Process optimization is the method of choice for improving the performance of industrial processes, while also enforcing the satisfaction of safety and quality constraints. Long considered an appealing tool but only applicable to academic problems, optimization has now become a viable technology. Still, one of the strengths of optimization—namely, its inherent mathematical rigor—can also be perceived as a weakness, since engineers might sometimes find it difficult to obtain an appropriate mathematical formulation to solve their practical problems. Furthermore, even when process models are available, the presence of plant–model mismatches and process disturbances makes the direct use of model-based optimal inputs hazardous. In the last 30 years, the field of real-time optimization (RTO) has emerged to help overcome the aforementioned modeling difficulties. RTO integrates process measurements into the optimization framework. This way, process optimization does not rely exclusively on a (possibly inaccurate) process model but also on process information stemming from measurements. Various RTO techniques are available in the literature and can be classified in two broad families depending on whether a process model is used (explicit optimization) or not (implicit optimization).
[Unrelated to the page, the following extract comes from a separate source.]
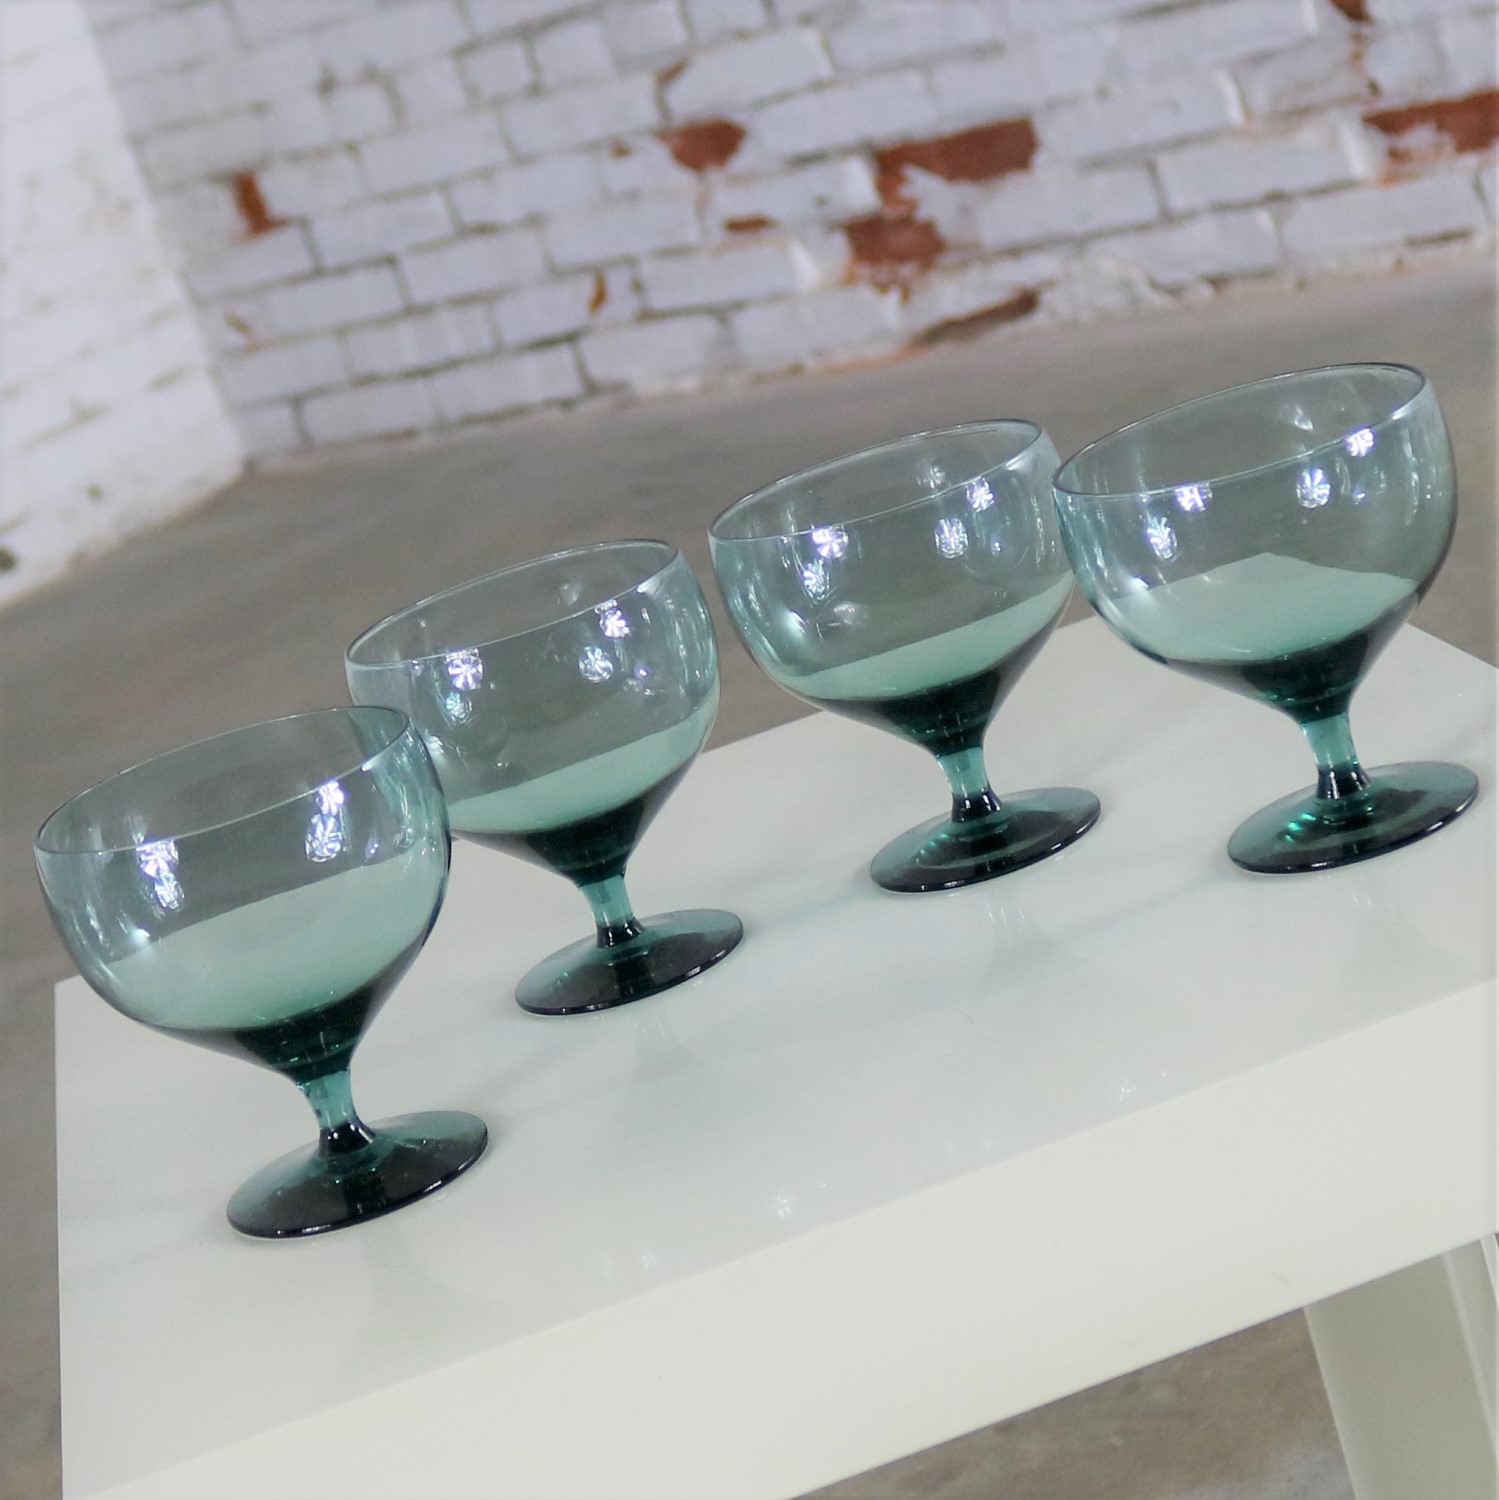 Collection of Morgantown American Modern Glassware by Russel Wright at  1stDibs
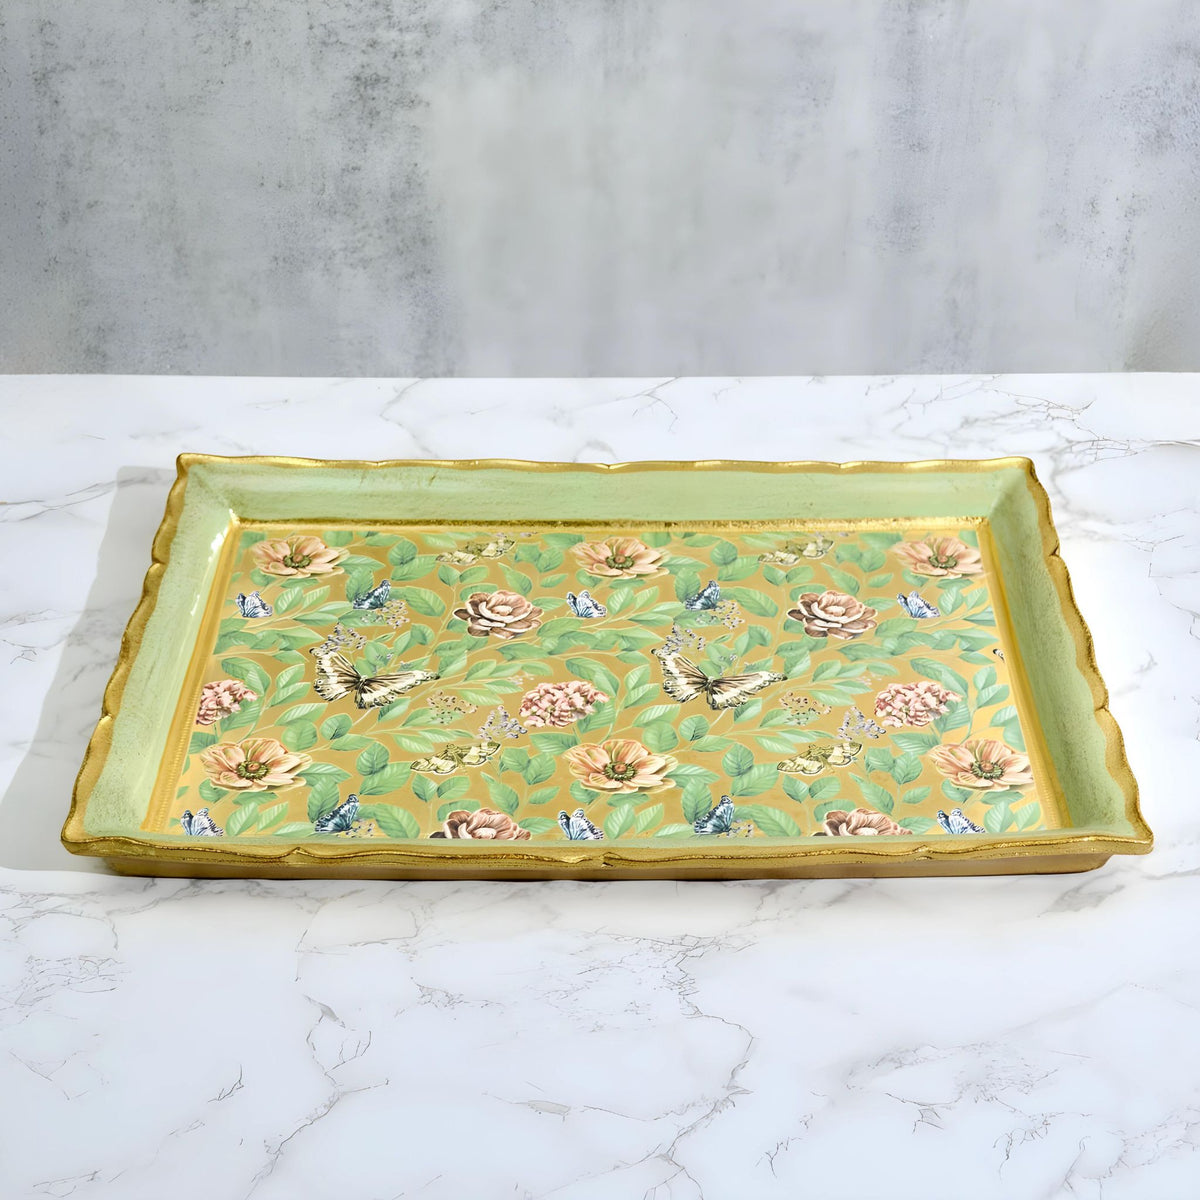 Florentine Carved Wood Decoupage Tray, Floral &amp; Butterflies - My Italian Decor

This special issue on real-time optimization (http://www.mdpi.com/journal/processes/special_issues/real_time_optimization) includes both methodological and practical contributions [1,2,3,4,5,6,7,8,9,10,11,12,13]. All seven methodological contributions deal with explicit RTO schemes that repeat the optimization when new measurements become available. The methods covered include modifier adaptation, economic MPC, and the two-step approach of parameter identification and numerical optimization. The six contributions that deal with applications cover various fields including refineries, well networks, combustion, and membrane filtration.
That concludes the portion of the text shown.